I work a regional trauma center and our docs are totally behind the times.Our docs are not proactive in learning new things pertaining to ventilation and if they are they surely aren't practicing it.
1. We still put some acute patients on simv
2. We use mostly cmv(drager xl) with vt 10 ml/kg ibw and +5 of peep. If we do use more than +5 our docs first objective is to decrease the peep to +5.Sometimes won't order more peep till pt is on 100% with poor po2's
3.Docs won't use APRV.
4.Docs want weans to go for hours on end with no plan to extubate(bid to 12hrs).
5.Docs still order weans of psv +10 and peep +5, despite ATC.
6.Docs won't order recruitment on patients with bibasilar atelectasis.
This is a very frustating place to work at times for a proactive RRT. What is a therapist to do? How do you get pulmonary docs to change their ways? How did all of you get to the 21st century of ventilation?
Chris Hanson RN, RRT-NPS, CPFT, AE-C
ER Registered Nurse
Grand Junction, Colorado
I feel your pain. About five years ago I had the same problem. I worked in a 300+ bed regional hospital. We used the origan Draeger vents and were looking at new models, we demo'ed the PB840, Servoi, DraegerXL. We chose the best, the XL. We had twelve pulmonary doc's and maybe two would use small VT high rate. One day in the ICU a pulm doc was talking to a nurse and said "I don't know what else to do". I overheard and said that I do. I suggested APRV and he said ok. I also suggested that we call ICON and he talk to DR Habashi. He did and APRV work great for the client(didn't change outcome, but he was impressed). The rest of the physicians eventually followed suit. This didn't happen without opposition. One of the older pulm doc's said that APRV has been around since the 80's, which is true. He was right but not "Habashi APRV". In the 80's we did not have Draeger's active exhalation valve and ATC. What you need is one physician champion to use APRV correctly. I believe that research will show that APRV/BILEVEL is supieror to ARDSnet protocol(small VT and high rate). Erlanger in Chattonooga, TN is researching and to my knowledge is not yet published.
I have the fortune of working at the U of M Medical Center in Ann Arbor, Michigan and the doctors there are on the cutting edge of technology and aren't afraid to use it. The hospital has the money to invest in new treatment modalities, new vents, etc. and actually listen to the RTs when it comes to how best to ventilate our patients.
I've been in your shoes more times then I care to mention. Unfortunately we happen to be our own worst enemies (We being RTs). It's nothing to be proud of but I've been terminated from a few jobs in my life and crusty old physicians are the main reason. We need more RT's who are willing to speak up and not worry that they might rock the boat. I follow a simple rule...do what's right for the patient and whatever happens at least I can sleep at night. Show a little passion for you work and figure out how to get your point across without stepping on to many toes.
Whatever you do don't let them turn you into a zombie RT who's main objective each day is to get his Q4 vent checks done.

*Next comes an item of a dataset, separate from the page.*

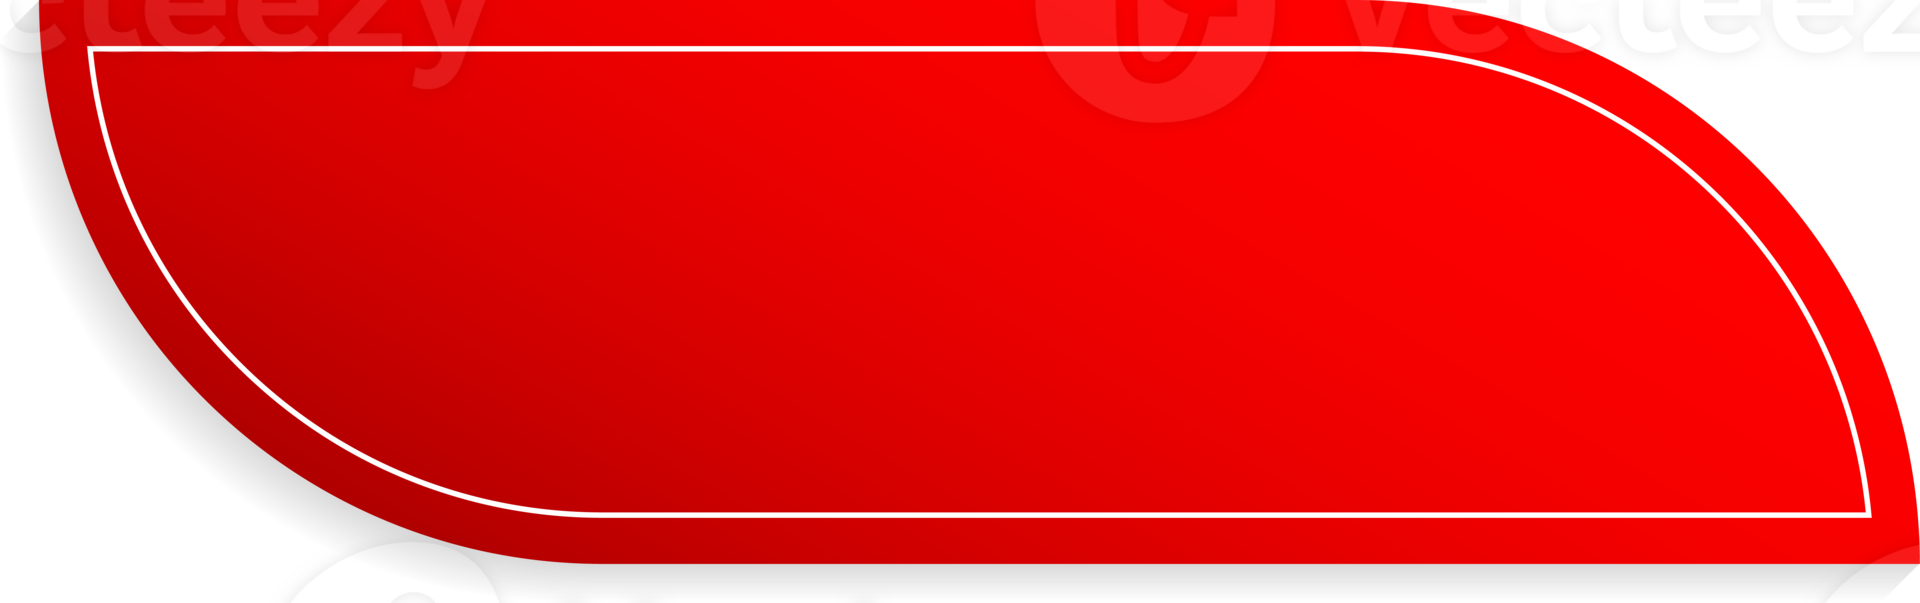 rosso lucido etichette etichetta per vendita prezzo lusso moderno design png

Check out http://www.pulmonaryreviews.com/march02/myway.html
Well educated, trained and informed RCPs are the most powerful force for the application of cutting edge care in the healthcare industry. The greatest source of burnout for this group is physicians, nurses and administrators who do not realize this and treat us accordingly. Arm yourself with up to date data, be ready when they are stumped and show them what you can do. If you are not getting that opportunity routinely or you think you never will you might want to move on or just give up and go mindless (not recomended)The science really works. Why these crusty old school docs choose not to recognize that is very frustrating. We feel your pain. Good luck GJ,RRT. Keep posting and keep us posted.
I understand your frustration. Is your center a teaching facility?
I've learned that working at a teaching facility allows you to be more PROACTIVE in newer modalities/therapies.
When we got new Servo i's, the first thing I wanted to learn was BiVent. We were using 300's before, so no comparison.
It's been about a year and half and now, when a trauma doc or pulm doc asks me "How come bed# isn't on BiVent, I get chills.LOL!
fztella mentioned above:
"Show a little passion for you work and figure out how to get your point across without stepping on to many toes".
What a great statement!
And Gary stated:"Arm yourself with up to date data, be ready when they are stumped and show them what you can do".
Well said Gary. That golden moment to shine and show them what you can do....you will be rewarded.
The day I stop getting chills at work...I'll turn in my license.
Good luck and hang in there!
I have seen this syndrome before GJ,
Since you may only hunt down cranky olde physicians during the corect season, and cattle have been banned in some states, it is fair to say that with any physician success and objectives can be obtained by letting the "teah you".
What I mean to say is to load up on current trends, data and community standards and discuss what you have been learning with what their practice is.
The are still alot of the "crusty" generation around and they feel threatened by what we are really doing. Good strong evidenced based protocols and a young gun to champion them is the best palce to start.
Figure out how much longer that the older Drs. will still be in practice and focus on their replacments. You have to accept the fact that sometimes you can't teach an old dog new tricks.